- Born: 1953 (age 72–73) Fatehgarh, India
- Occupation: Neuroscientist

Academic background
- Education: IIT Kanpur (B.Tech.) Vanderbilt University (M.Eng.), (Eng.D.)

Academic work
- Institutions: Massachusetts Institute of Technology Yale University
- Website: www.surlab.org

= Mriganka Sur =

Indian neuroscientist

Mriganka Sur (born 1953 in Fatehgarh, India) is an Indian-American neuroscientist known for his contributions to understanding the development, organization, plasticity and computational function of the cerebral cortex. He is the Newton Professor of Neuroscience and director of the Simons Center for the Social Brain at the Massachusetts Institute of Technology. He also served as a visiting faculty member in the Department of Computer Science and Engineering at the Indian Institute of Technology Madras and N.R. Narayana Murthy Distinguished Chair in Computational Brain Research at the Centre for Computational Brain Research, IIT Madras. He was on the Life Sciences jury for the Infosys Prize in 2010, and has served as jury chair since 2018.

==Early life and education==
Sur did his early schooling at the St. Joseph's Collegiate School, Allahabad. He received a Bachelor of Technology degree in electrical engineering from the Indian Institute of Technology in Kanpur (IIT Kanpur) in 1974, and Master of Science and PhD degrees in electrical engineering in 1975 and 1978, respectively, from Vanderbilt University in Nashville. After postdoctoral research at Stony Brook University, he was appointed to the faculty of Yale University School of Medicine in 1983.

== Career ==
Sur joined the faculty of the Department of Brain and Cognitive Sciences at the Massachusetts Institute of Technology (MIT) in 1986. In 1993, he was named professor of Neuroscience, and in 1997, head of the Department of Brain and Cognitive Sciences.
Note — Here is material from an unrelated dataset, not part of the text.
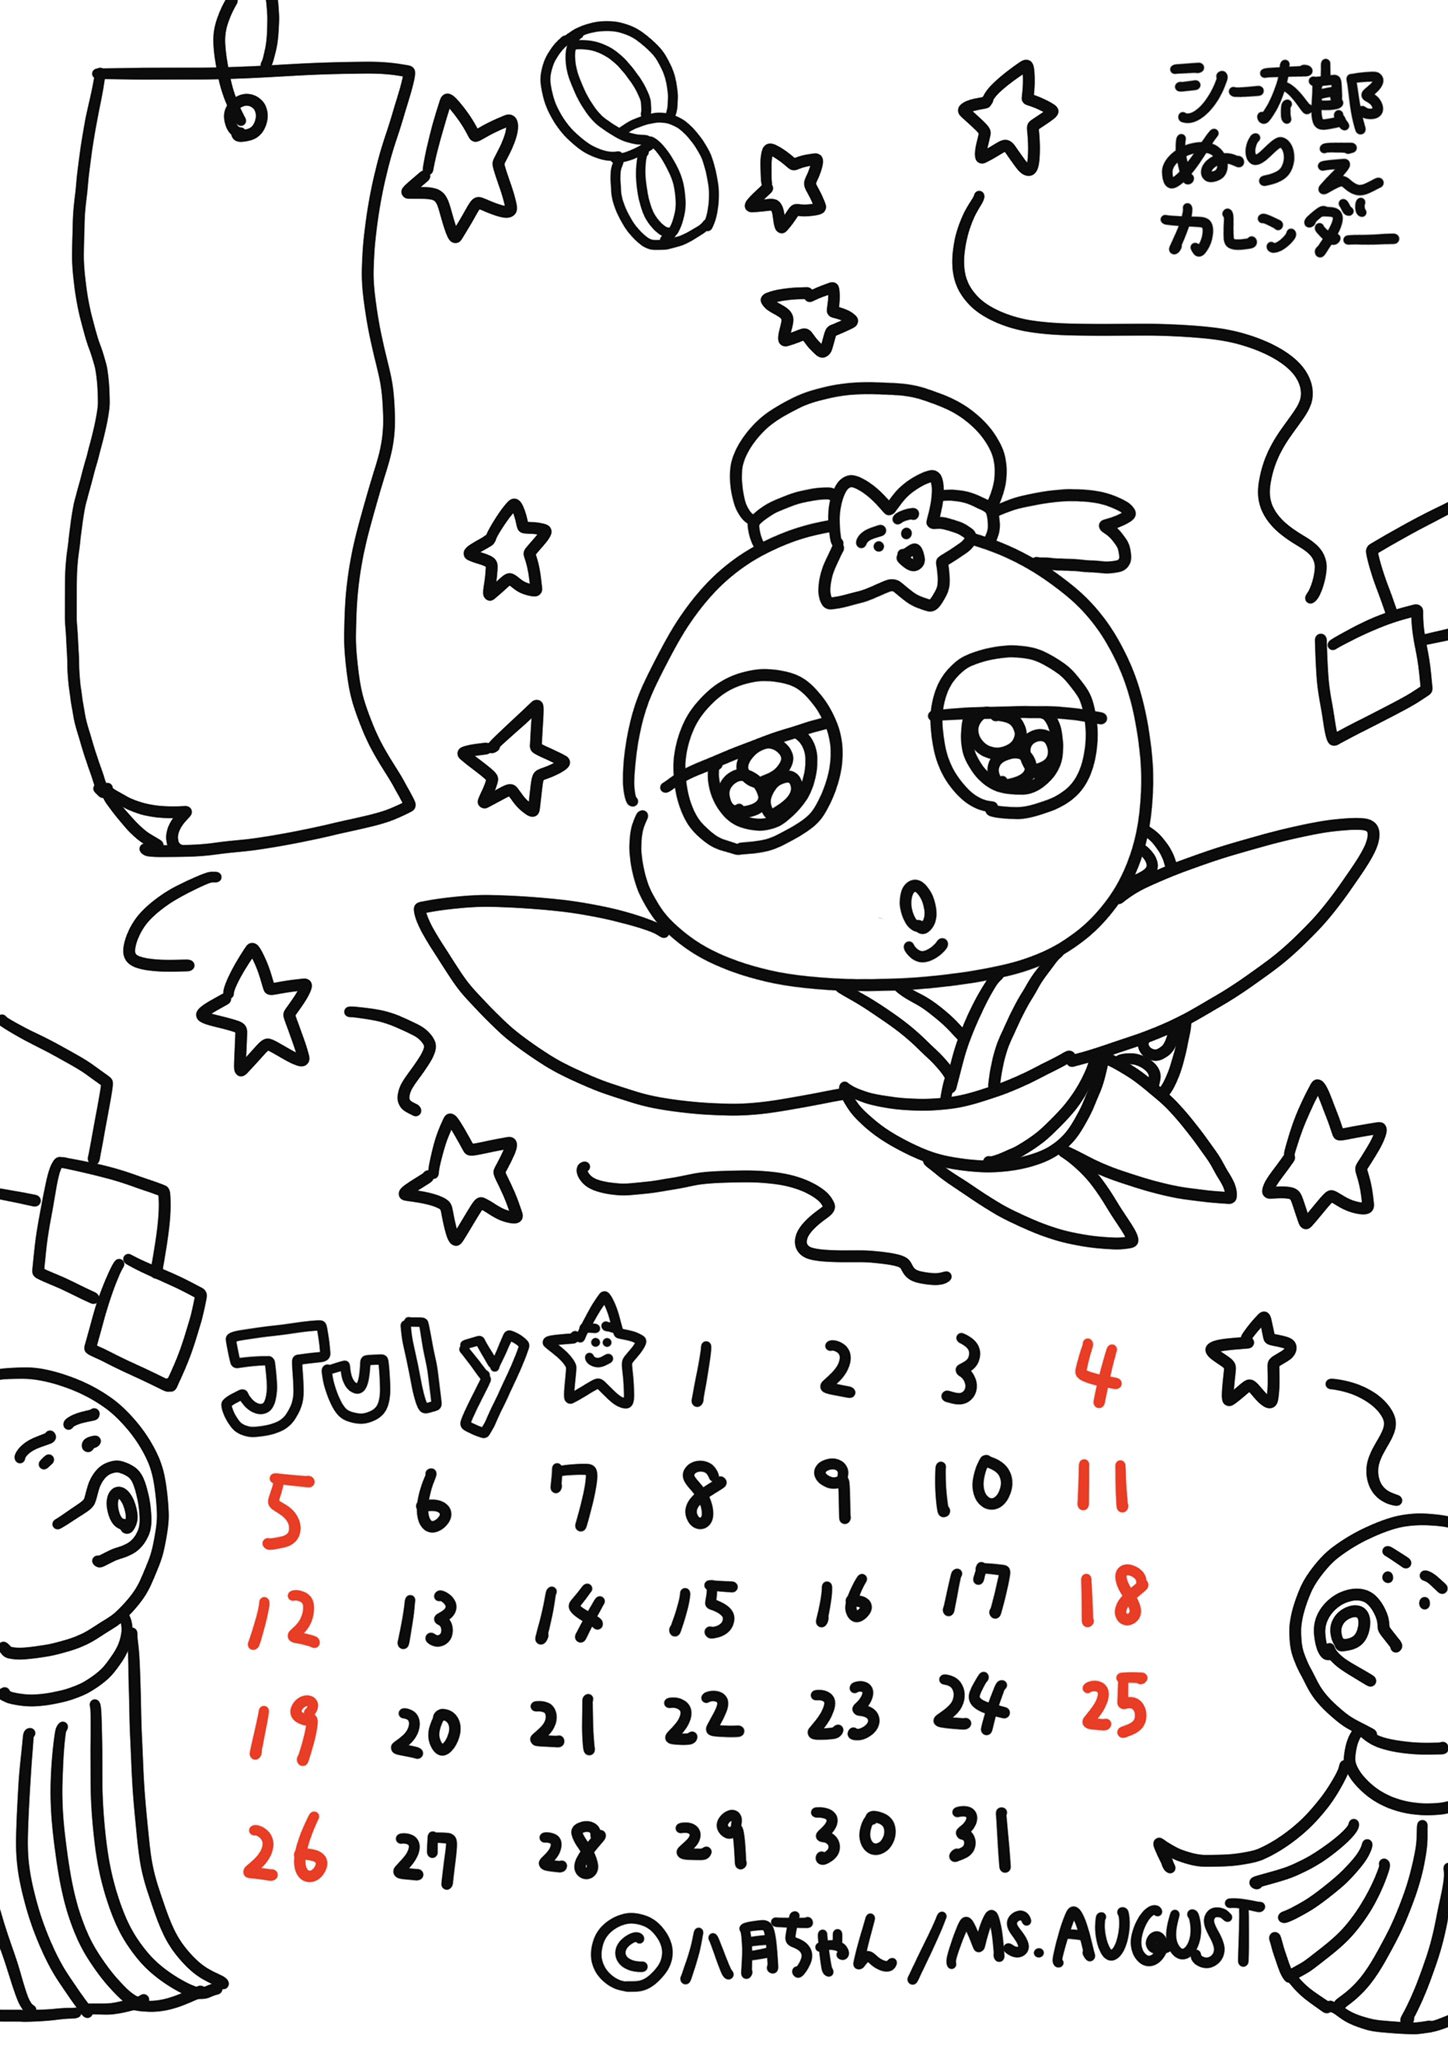 八月ちゃん 8 28西永福jam もう7月もちょっと始まりましたが 今月もシー太郎ぬりえカレンダーを作ったよー 今月は七夕ということで ひこぼシー太郎 左の大きい短冊には みんなのねがいごとを書けるコーナーにしました よかったらぬりえしてねー

He is currently the Newton Professor of Neuroscience and director of the Simons Center for the Social Brain at MIT.

Sur is a pioneer in technology development for analyzing the function and structure of neurons and synapses in the live brain, and the study of brain plasticity and its mechanisms. His laboratory uses experimental and computational approaches to study developmental plasticity and dynamic changes in mature cortical networks during information processing and learning.
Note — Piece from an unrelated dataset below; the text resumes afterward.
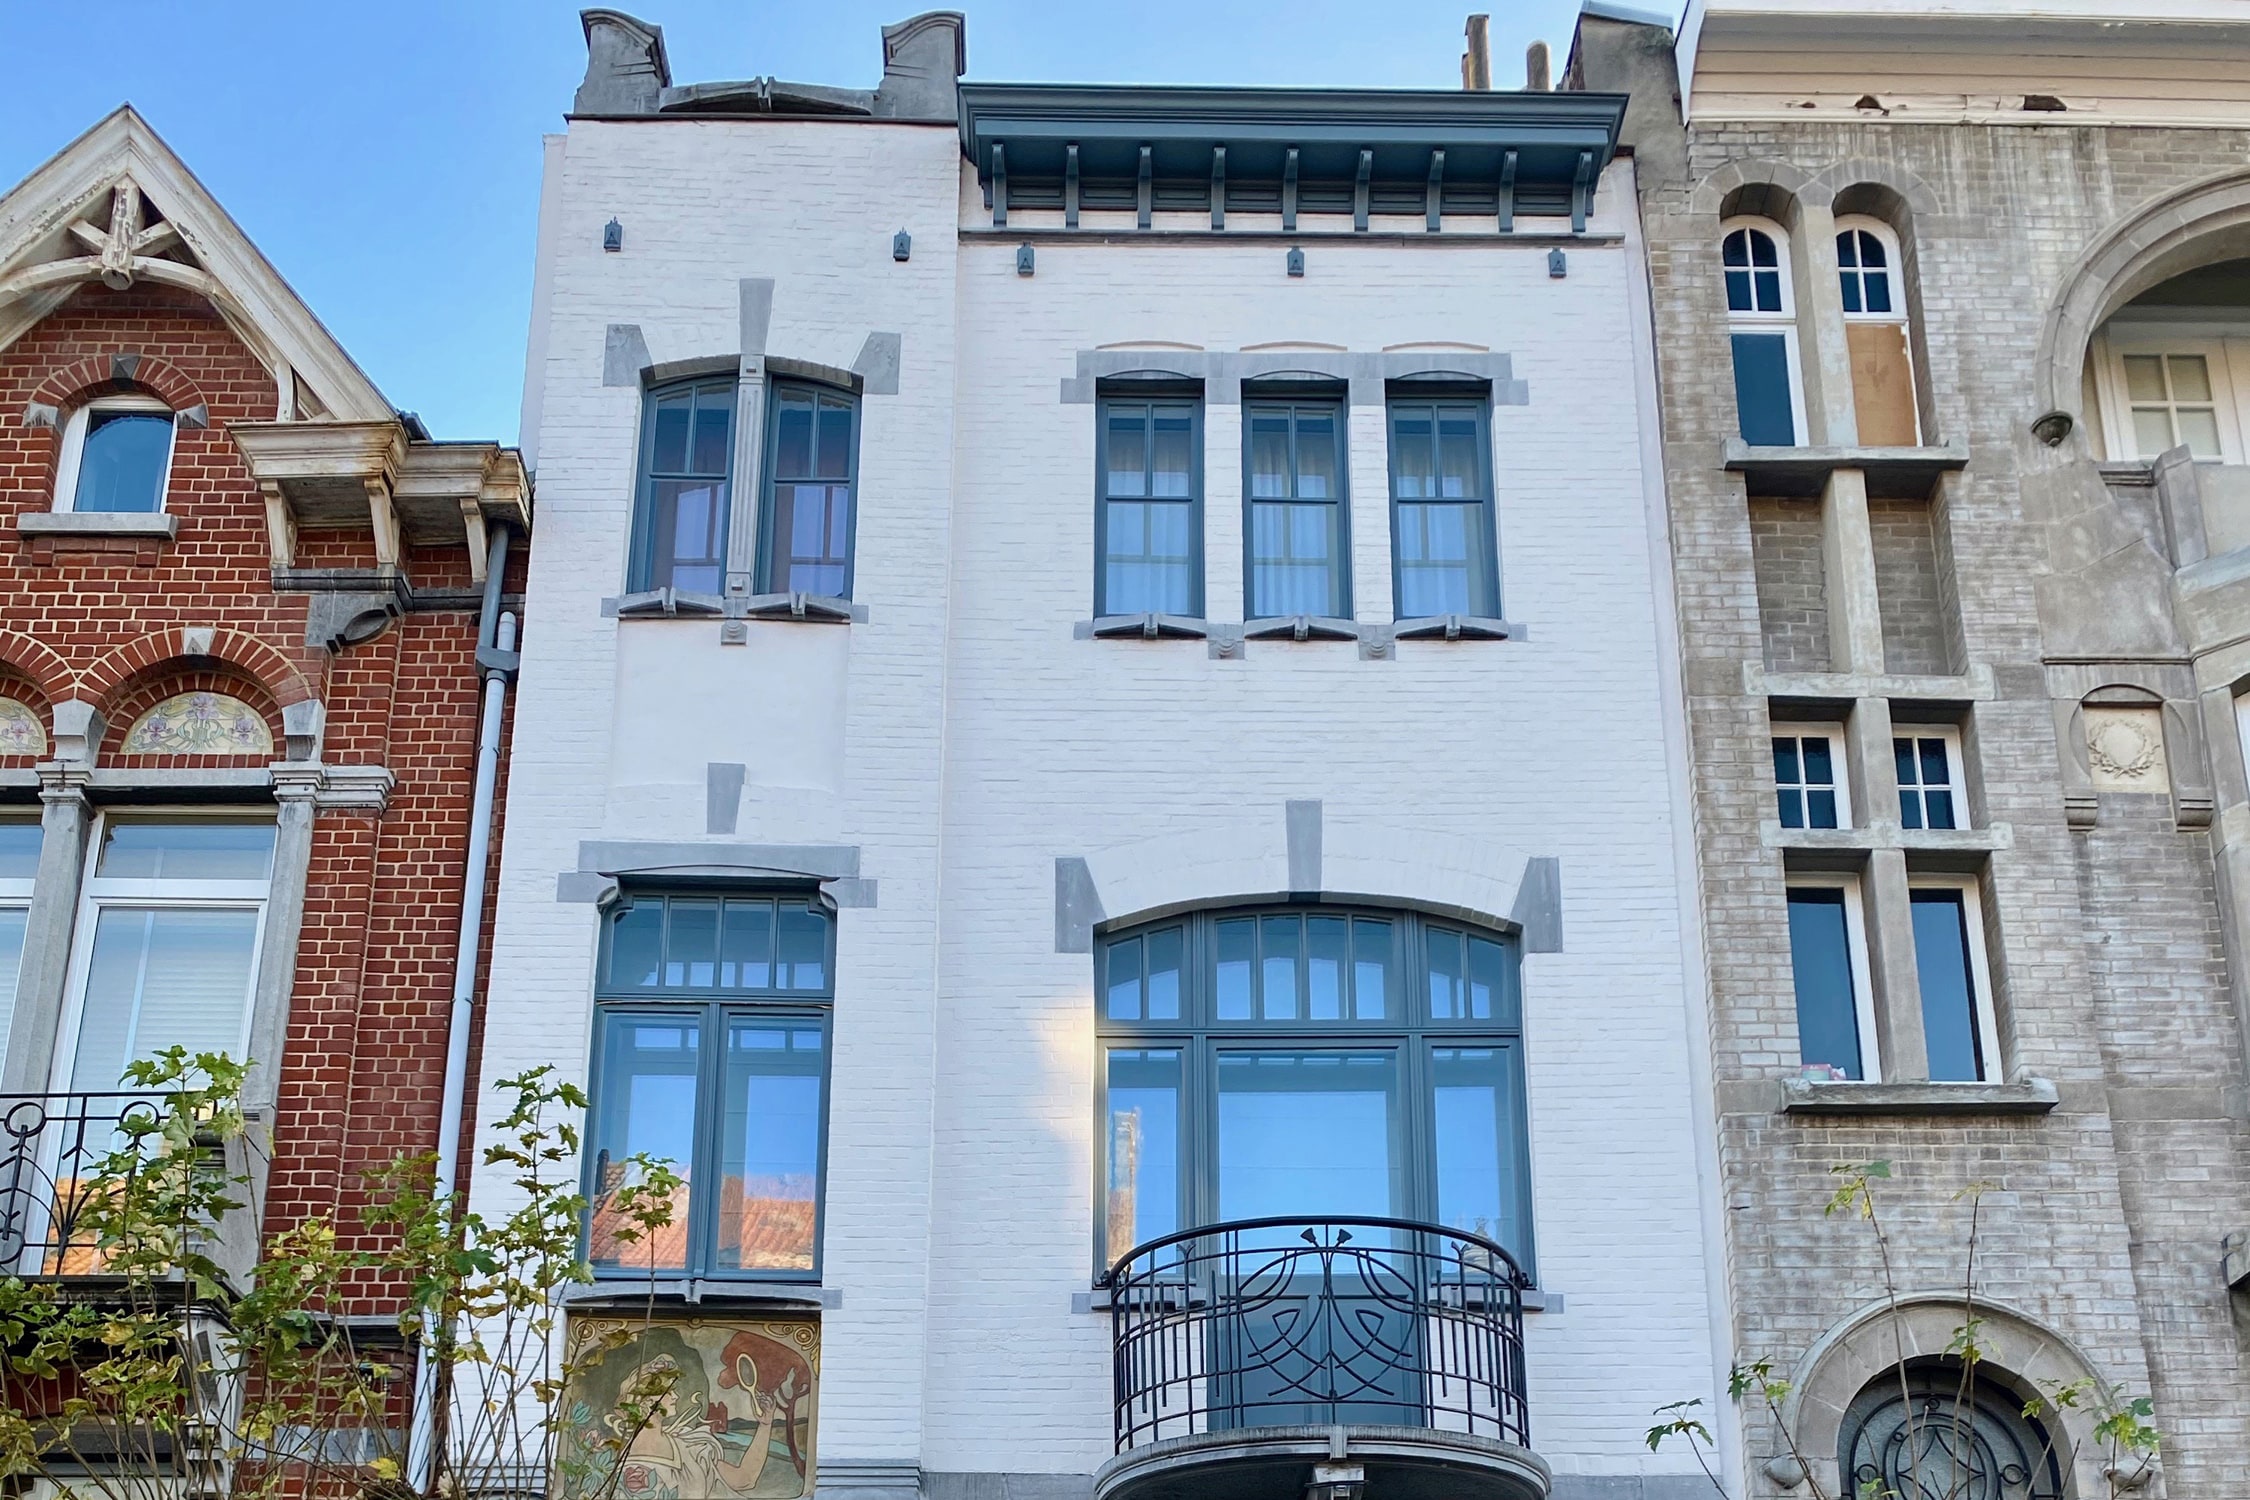 WSL06 Elegant Art Nouveau House

His laboratory investigates fundamental principles governing how networks of the cerebral cortex are wired during development and dynamically reorganized during learning, and how cortical circuits process information underlying perception, cognition, and goal-directed action.

== Awards and honors ==
Sur has received numerous honors, including election as a fellow of the Royal Society, the American Academy of Arts and Sciences, the National Academy of Medicine, the American Association for the Advancement of Science, and the American Institute for Medical and Biological Engineering.